INFORMATION SHOWN:
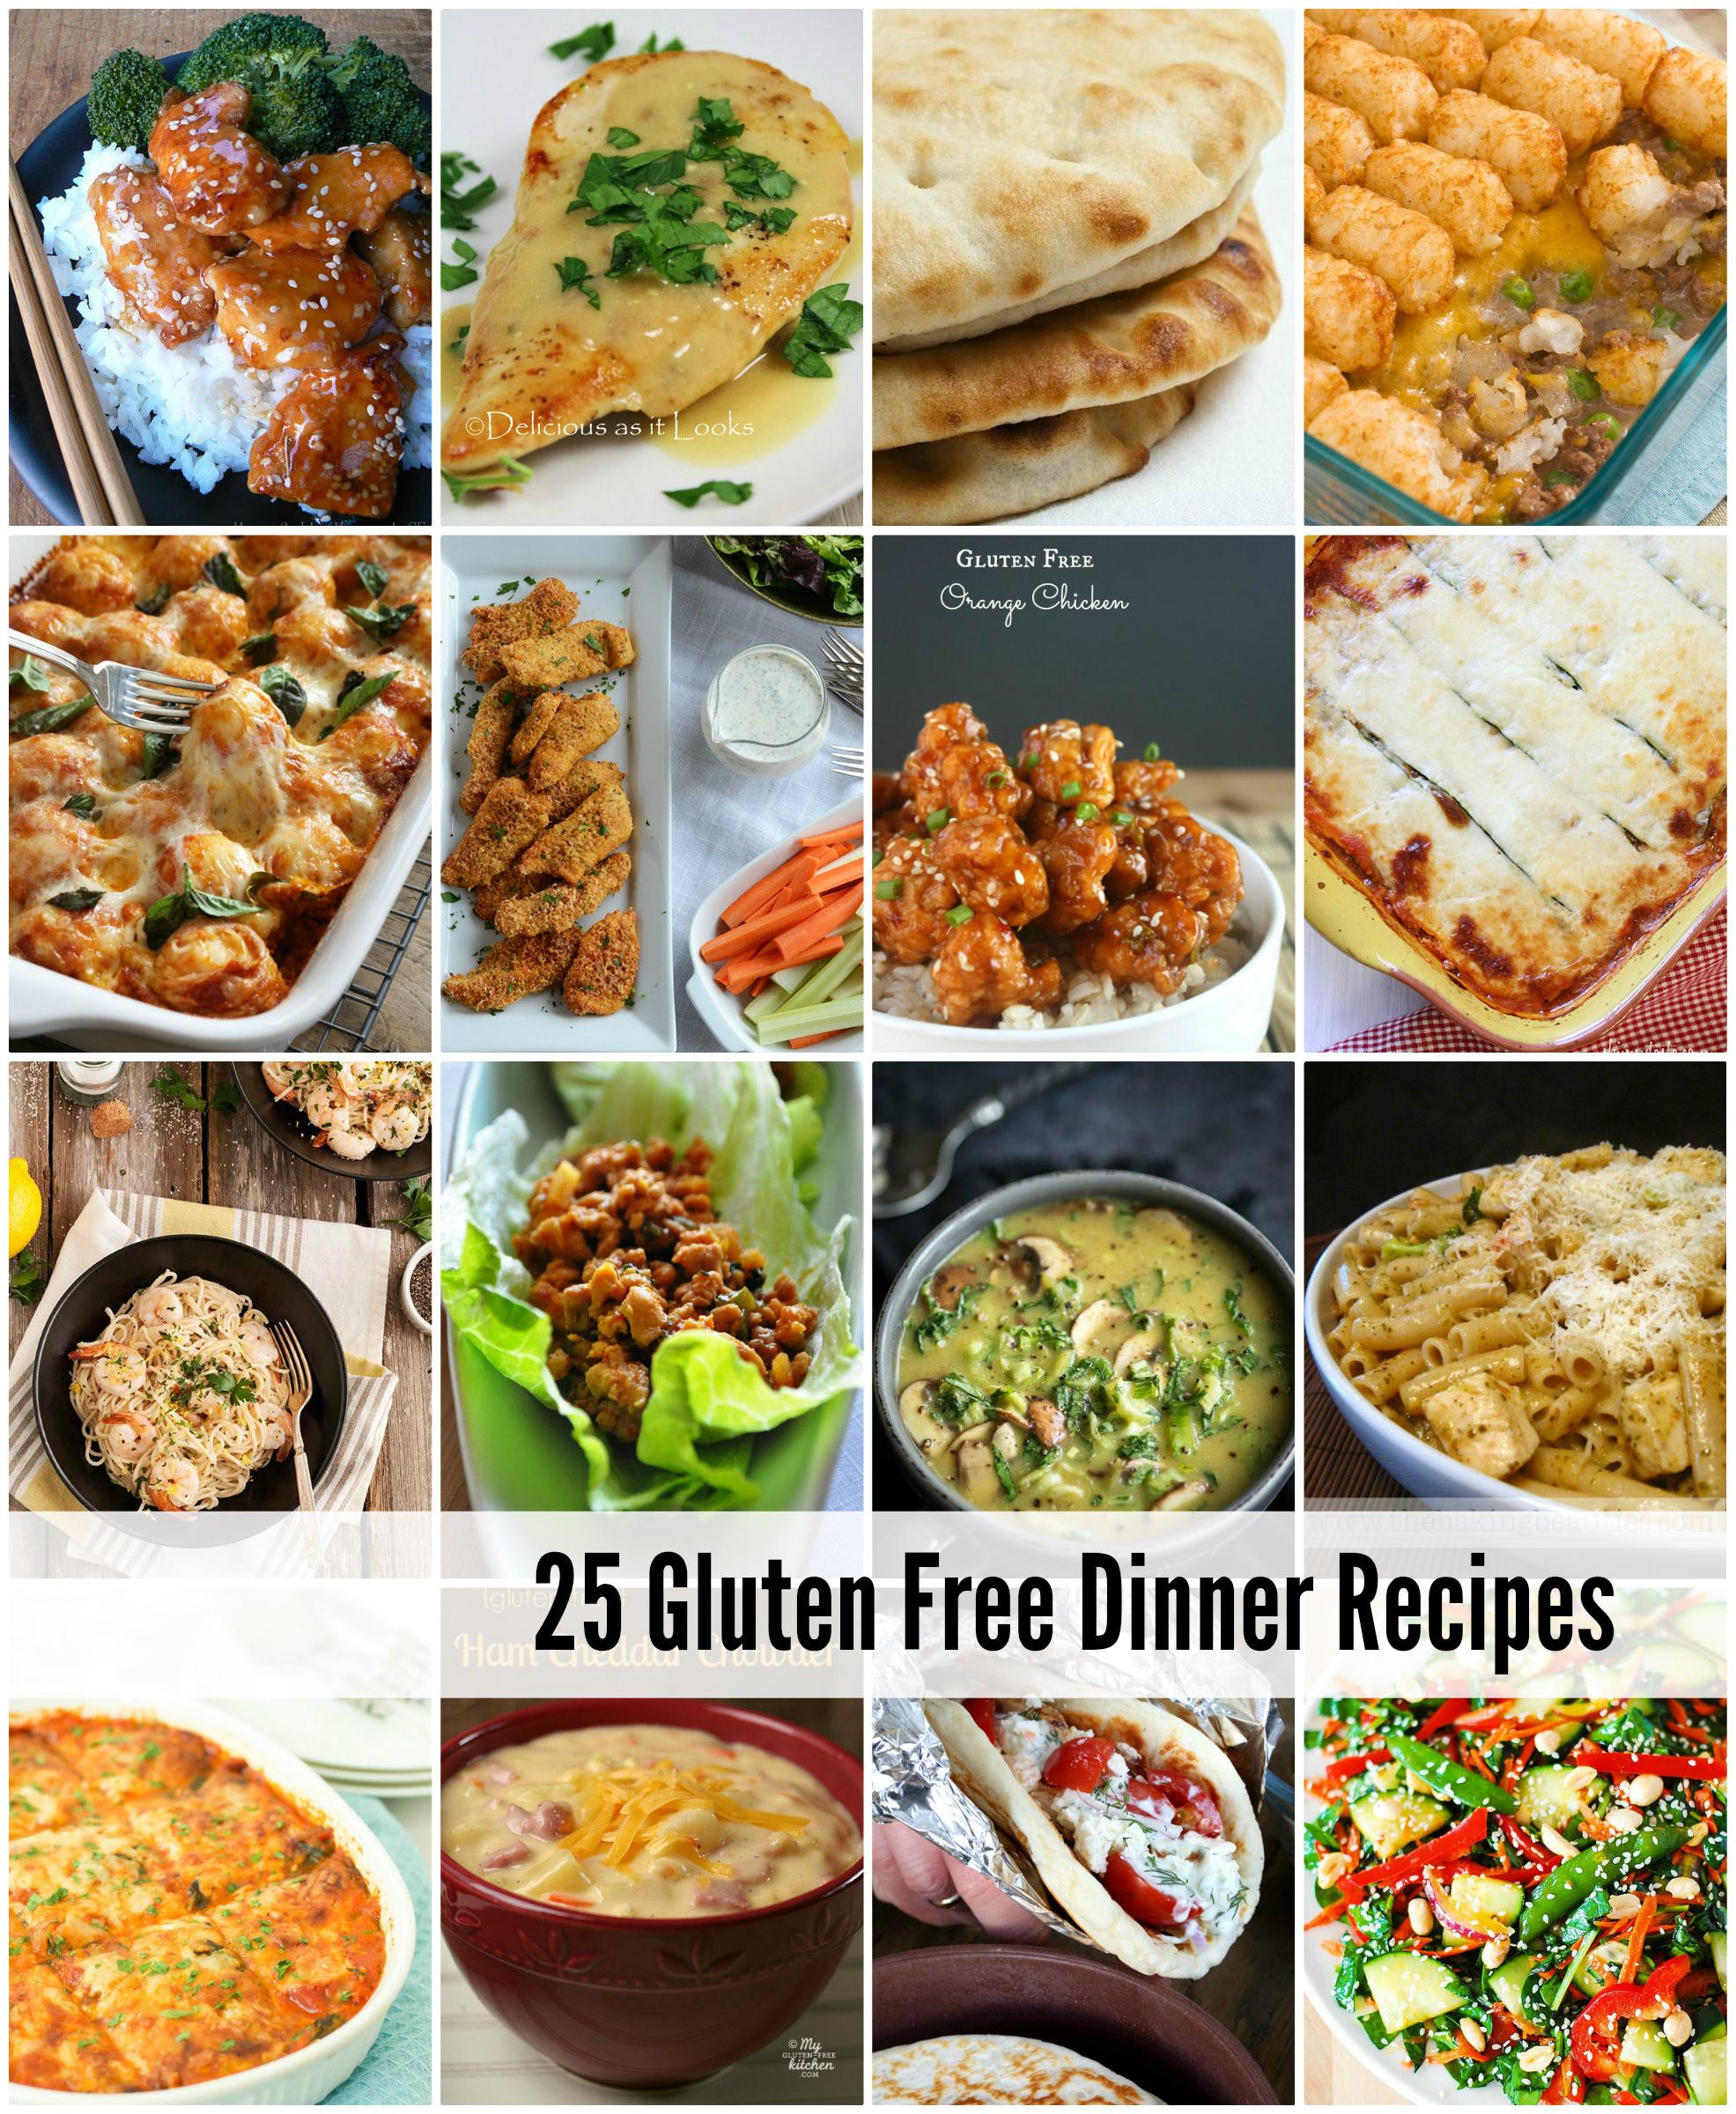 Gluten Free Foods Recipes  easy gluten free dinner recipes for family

--

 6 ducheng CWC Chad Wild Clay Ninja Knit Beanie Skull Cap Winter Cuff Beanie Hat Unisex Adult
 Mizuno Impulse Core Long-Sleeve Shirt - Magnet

==

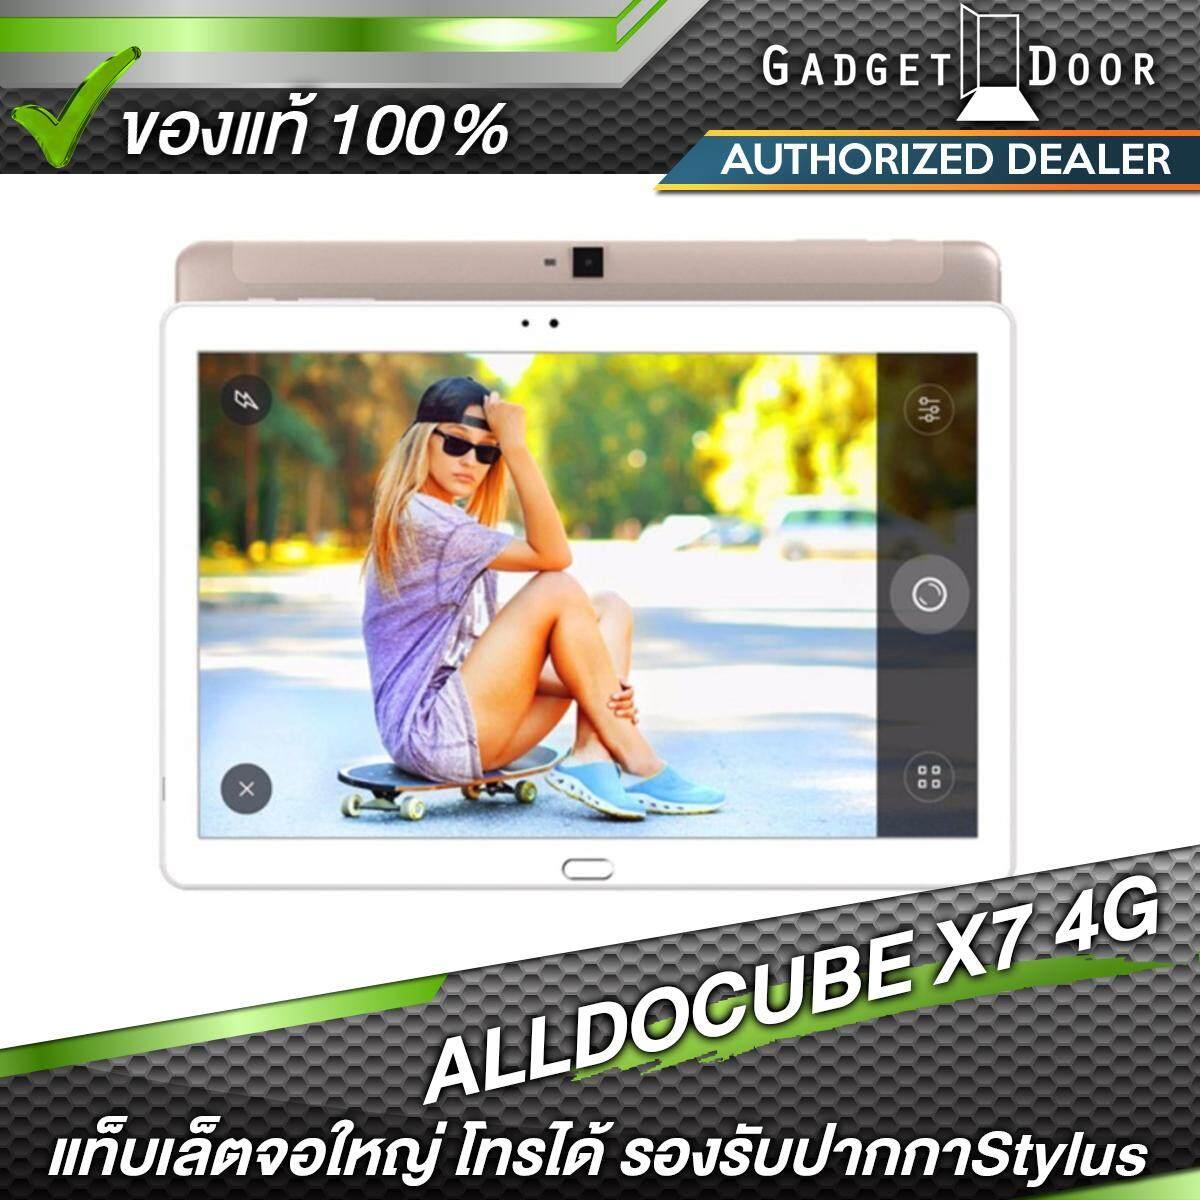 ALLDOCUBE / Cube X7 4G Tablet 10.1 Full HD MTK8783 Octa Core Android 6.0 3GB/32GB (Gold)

WORK ITEM:
Look above for the line containing "6 ducheng CWC" and the line containing "Mizuno Impulse Core". Transcribe both, with the lines between them, exactly.

SOLUTION TO THIS EXERCISE:
 6 ducheng CWC Chad Wild Clay Ninja Knit Beanie Skull Cap Winter Cuff Beanie Hat Unisex Adult
 Mizuno Impulse Core Long-Sleeve Shirt - Magnet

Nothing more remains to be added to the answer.